Allowance: My teen-aged granddaughters love their iPhones. Their parents love their iPads and Apple's iProfits. They, like CNBC announcers, like Steve Jobs, pretend not to know that Apple's iProfits are made by 13-year old Chinese kids living 15 to a 12 by 12 foot dorm, working 16 hours a day for 70 cents an hour. Hey, I bet there's an app for that.

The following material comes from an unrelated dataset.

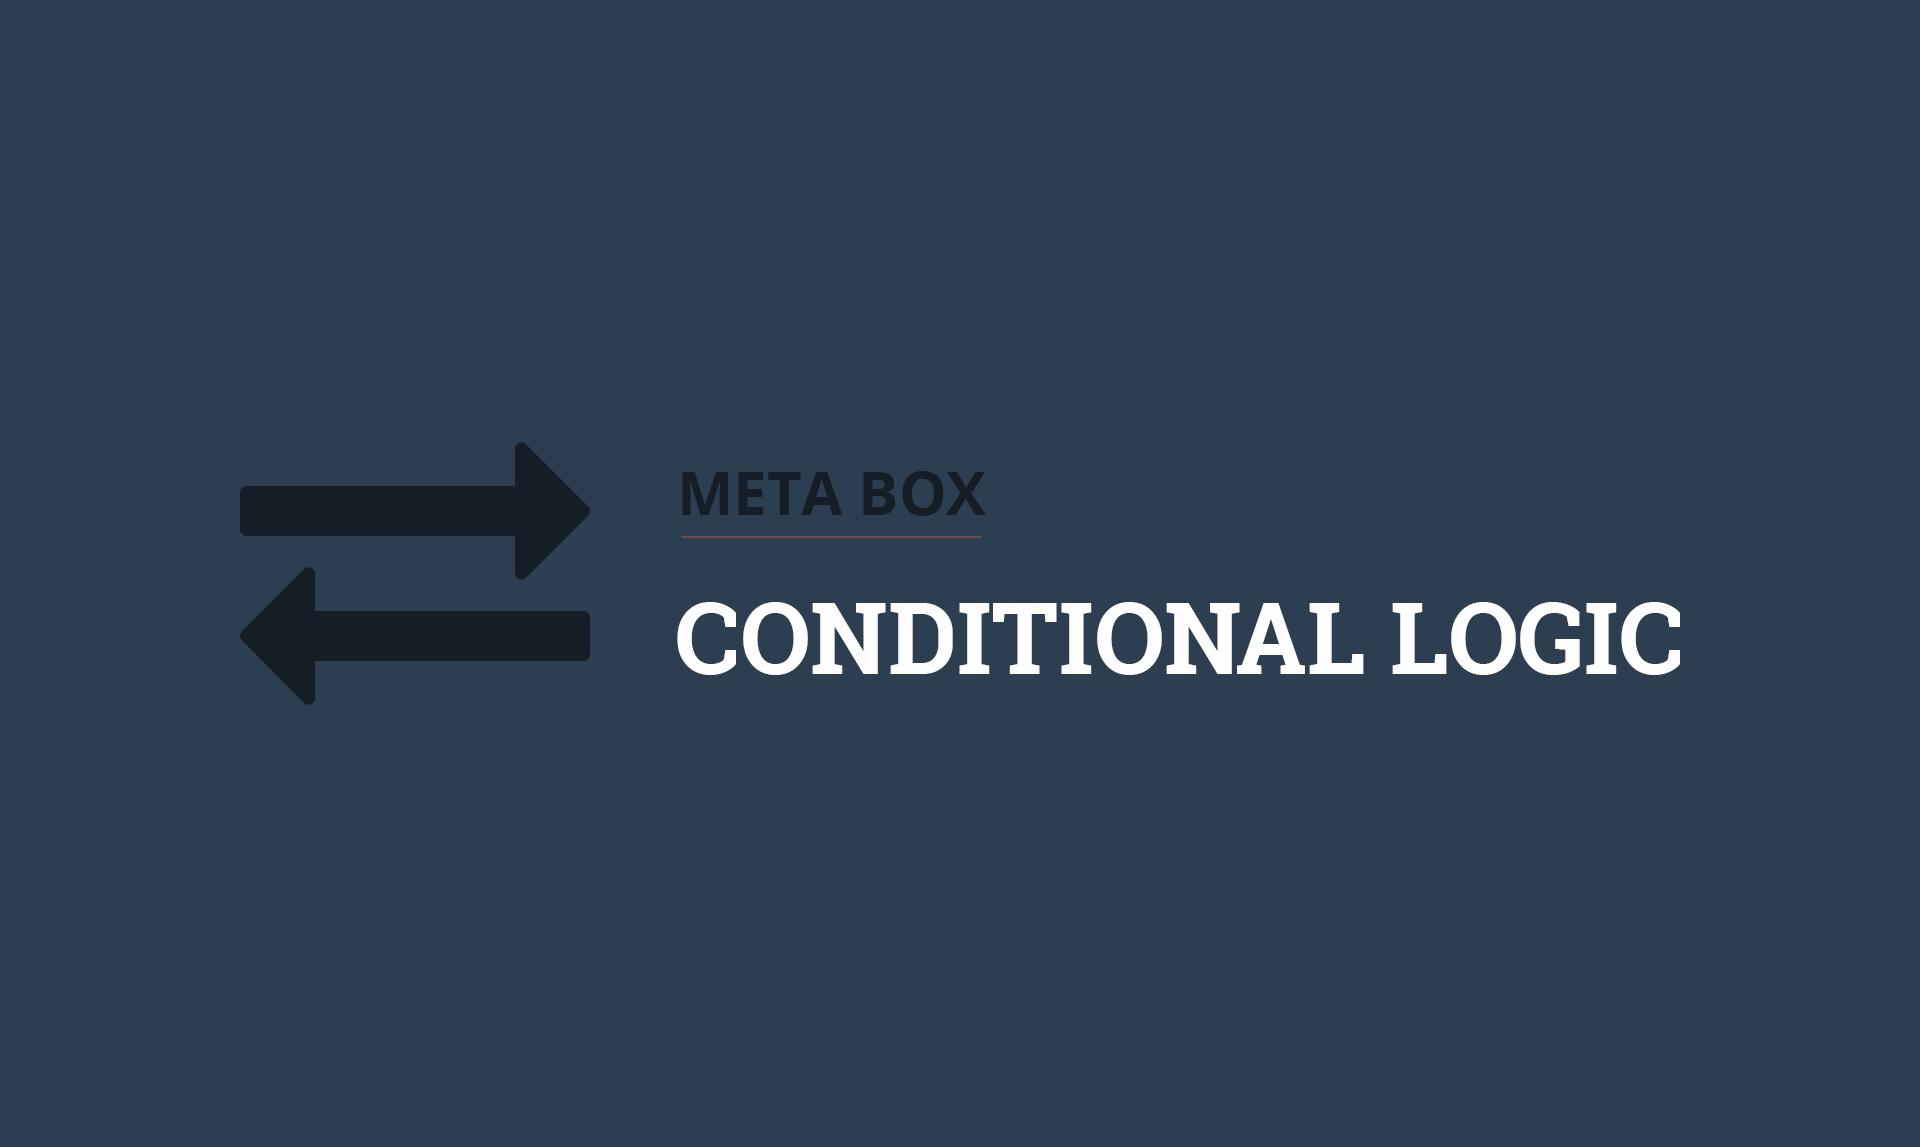 Meta Box Conditional Logic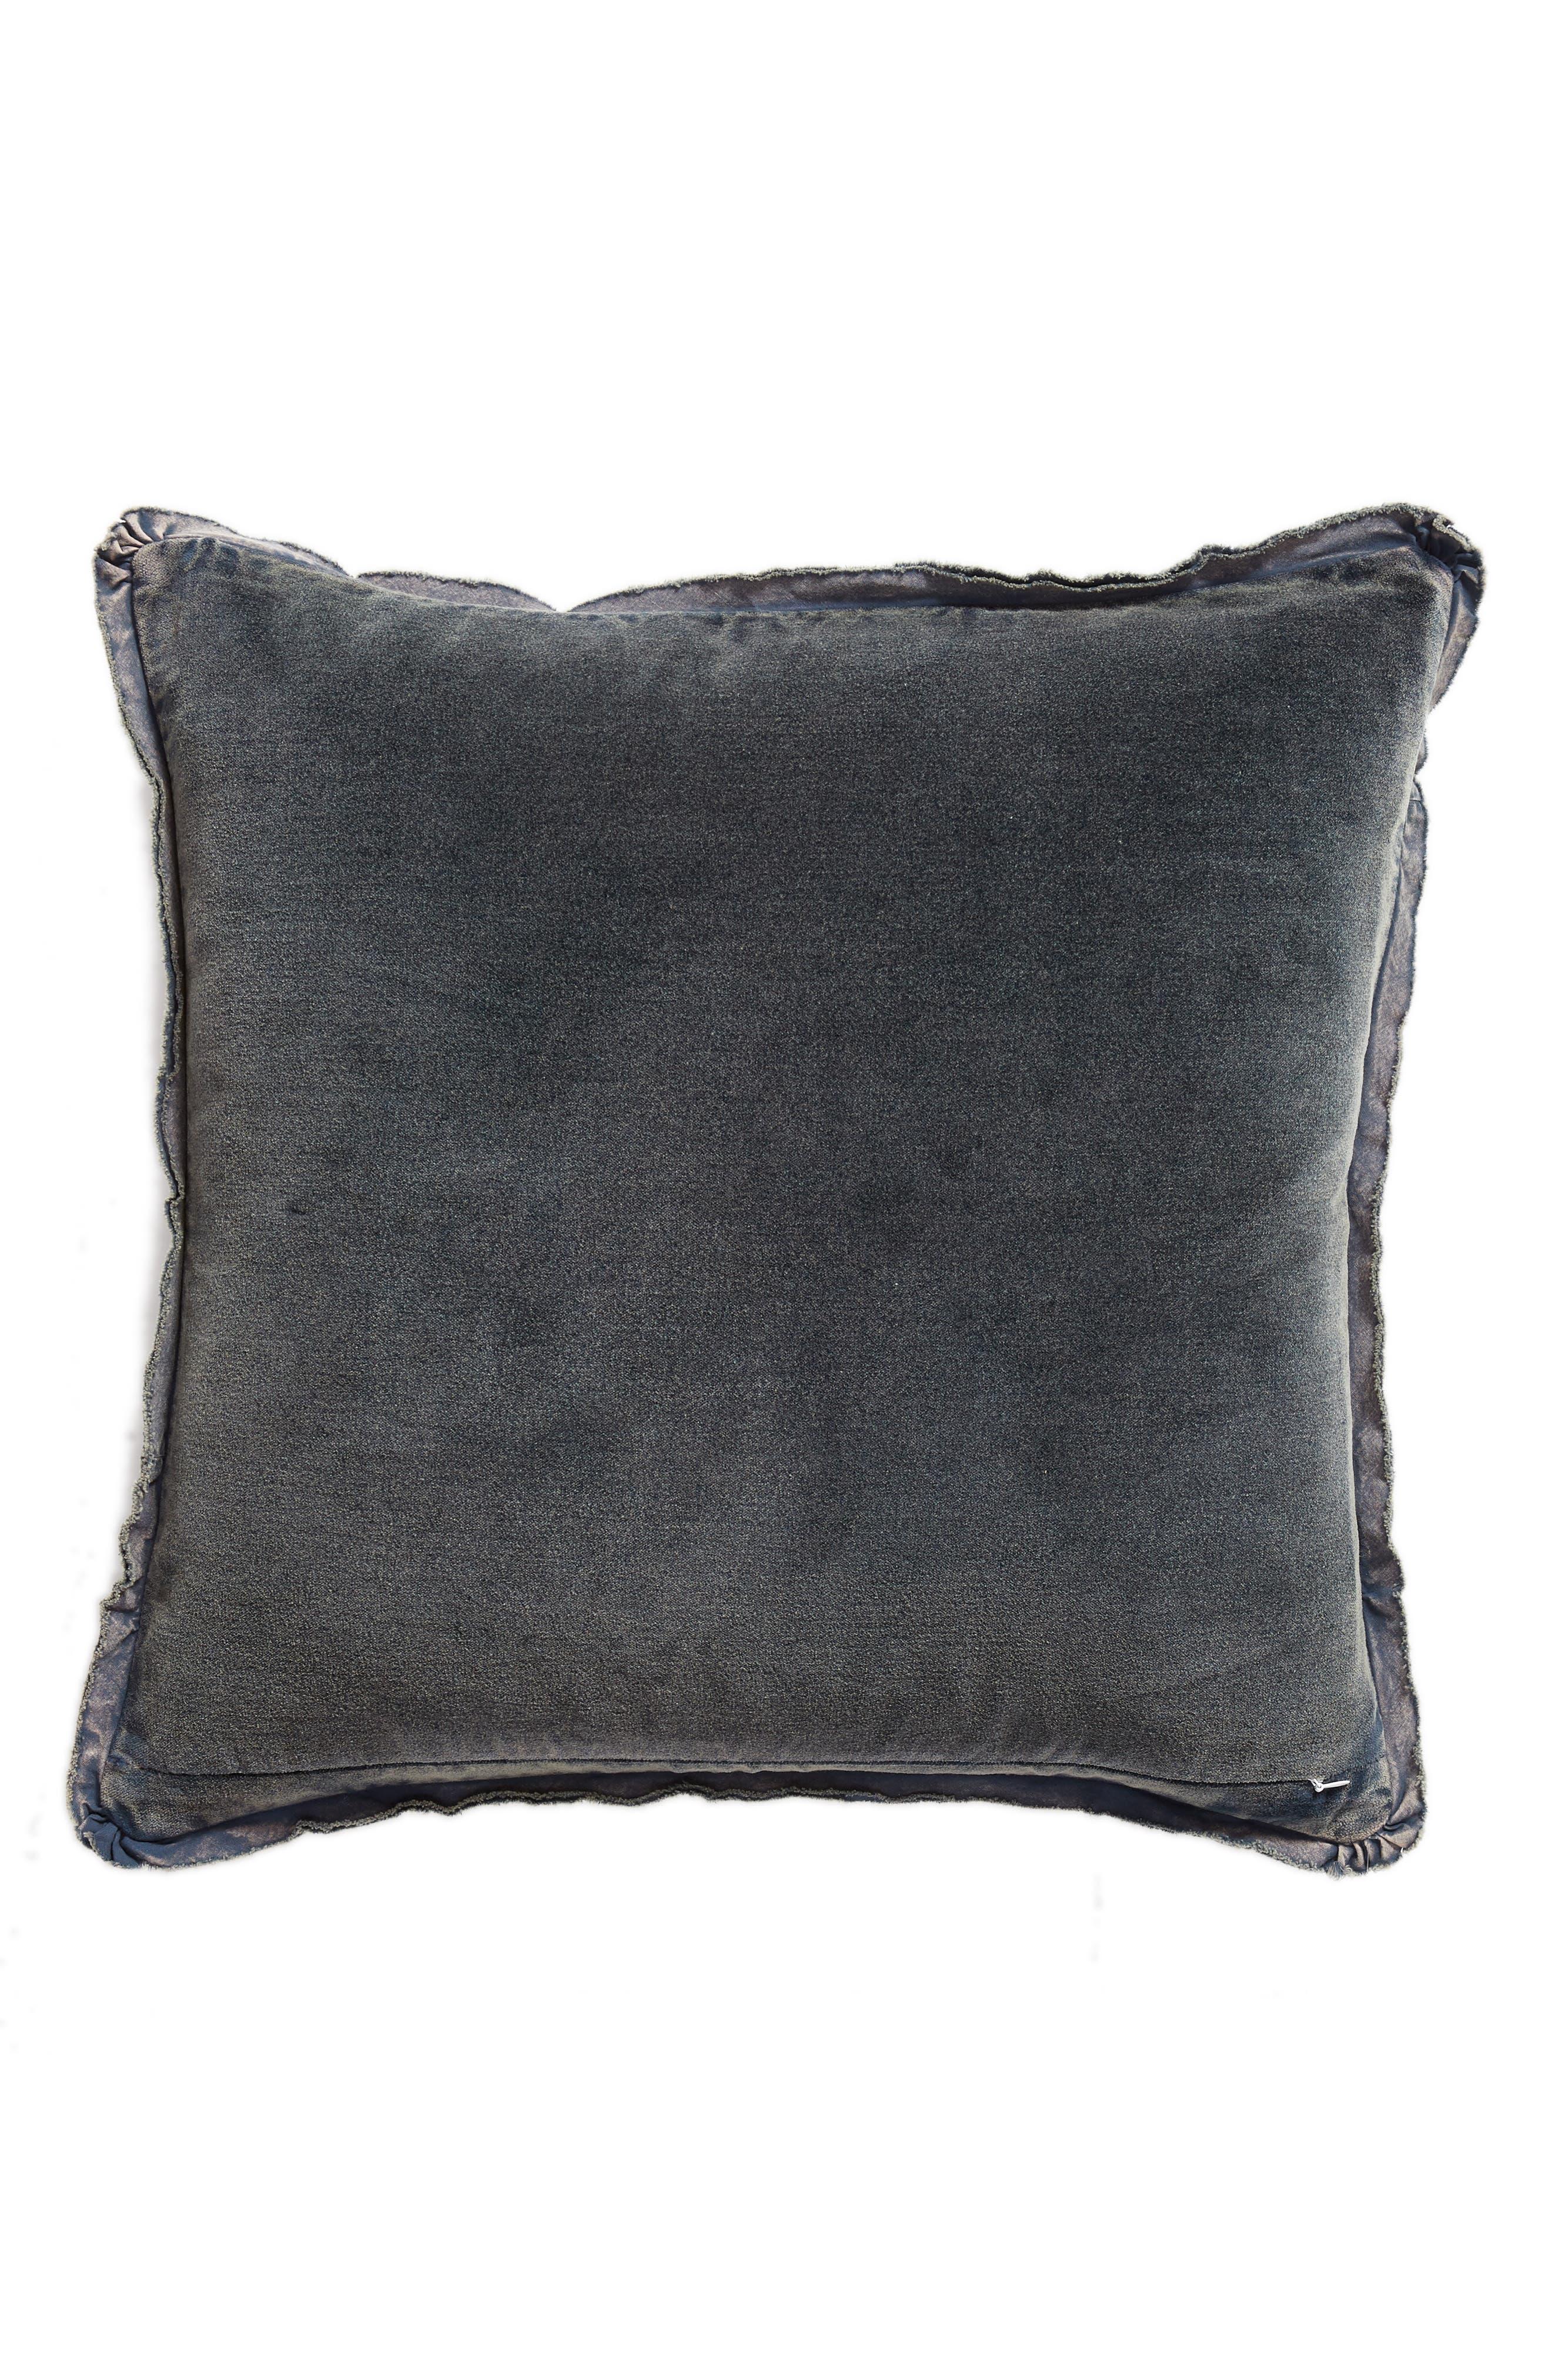 Stonewash Velvet Accent Pillow,                             Alternate thumbnail 2, color,                             NAVY BLUE

Crime Beyond Punishment: Authorities in Florida suspect that an arsonist destroyed one of the oldest cypress trees in the world. The 3,500-year-old tree, known locally as “The Big Tree,” went up in flames early Monday morning, Sometimes I'm not overly proud to be human.

3 comments:

mistah charley, ph.d. said...

the story you cite mentions iPhones - but are there cellular phones which are made under substantially better conditions? seriously, i'd like to know, as it looks like i'm going to have to get a new one

Charles Kingsley Michaelson, III said...

I doubt there are any electronics of any sort that"are made under substantially better conditions". Or much of anything else.

ckm

I'm Not POTUS said...

An older Nokia phone, was for the most part built in Europe, by adults in safe, efficient factories who were paid high wages and enjoyed good benefits. But they did that by borrowing heavily against the future earnings of their 13 year old children and the children of these 13 year olds'.

These kids will never enjoy the luxury lifestyle of their predecessors. But that is for another day to worry about.

So you can feel good about using an old Nokia if you think abusing children not yet born is any better than abusing a child now to get a modern smartphone.

You can't have an acceptable answer to your question until such time as the cost shifting arbitrage that masquerades as global commerce is replaced with an equitable system where pure honest math decides this is equal to that at every point of longitude and latitude.